Fig. 1 is a cross-sectional view of a biosensor that is an embodiment of the present invention, Fig. 2 is a perspective view of the electrode portion, Figs. 3 and 4 are response characteristic diagrams of the biosensor, and Fig. 5 is a conventional biosensor. FIG. 3 is an exploded perspective view of the sensor. 1...Insulating substrate, 2. 3. 3'...
...Lead, /L, 9. 9'...Measurement pole, 5. 5', 8. 8'・・・opposite, 6
...Insulating layer, 7...CMC-(';O
D layer, 10.10'...Reference electrode, 11...
... Holding frame, 12 ... Porous body, 13 ...

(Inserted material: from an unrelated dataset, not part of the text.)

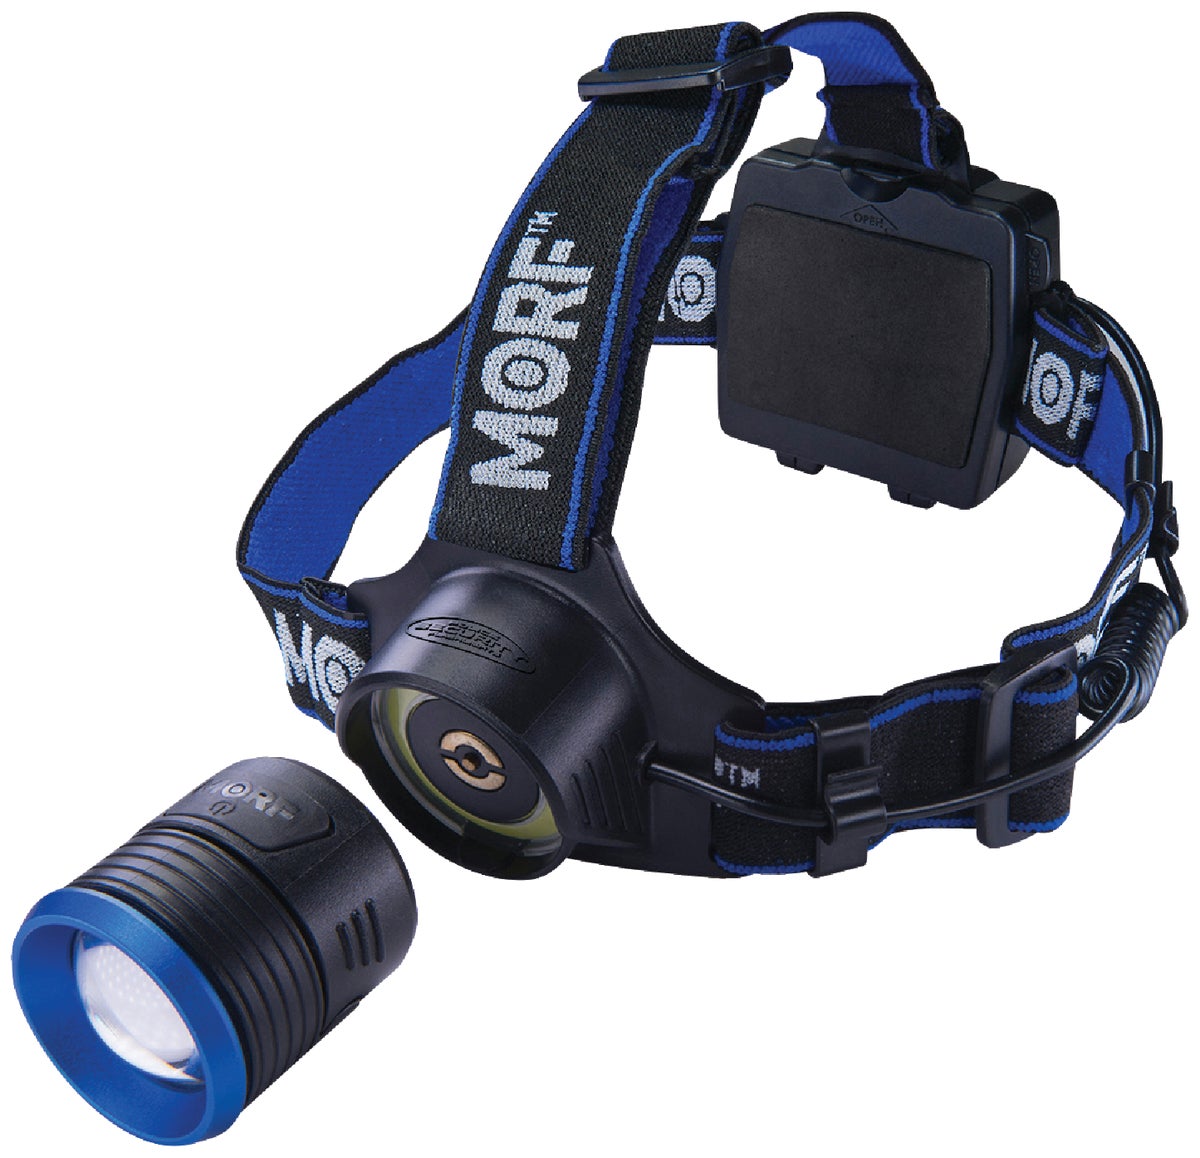 HEADLAMP// RE-chargeable 850 lumens //3modes hi/low/strobe POLICE-SECURITY

·cover. Name of agent Patent attorney Toshio Nakao 1 person Figure 3 Figure 4 Figure 5 0tθ π 30 41) Askolhin Oyuwanbin η〃9 18・

Claims (3)

[Claims] (1) An electrode system consisting of at least a measurement electrode and a counter electrode mainly made of carbon is provided on an insulating substrate, and an enzyme reaction layer consisting of a hydrophilic polymer and an oxidoreductase is provided on the electrode system. A biosensor featuring: (2) Two sets of electrode systems consisting of at least a measurement electrode and a counter electrode mainly made of carbon are provided on an insulating substrate, and an enzyme reaction layer consisting of a hydrophilic polymer and an oxidoreductase is placed on one electrode system. A biosensor comprising: a hydrophilic polymer layer or a layer consisting of a hydrophilic polymer and an inactivated redox enzyme on the other electrode system. (3) The biosensor according to claim 1 or 2, wherein the electrode system is a reference electrode consisting of a measurement electrode and a counter electrode mainly made of carbon, and a silver/silver chloride reference electrode.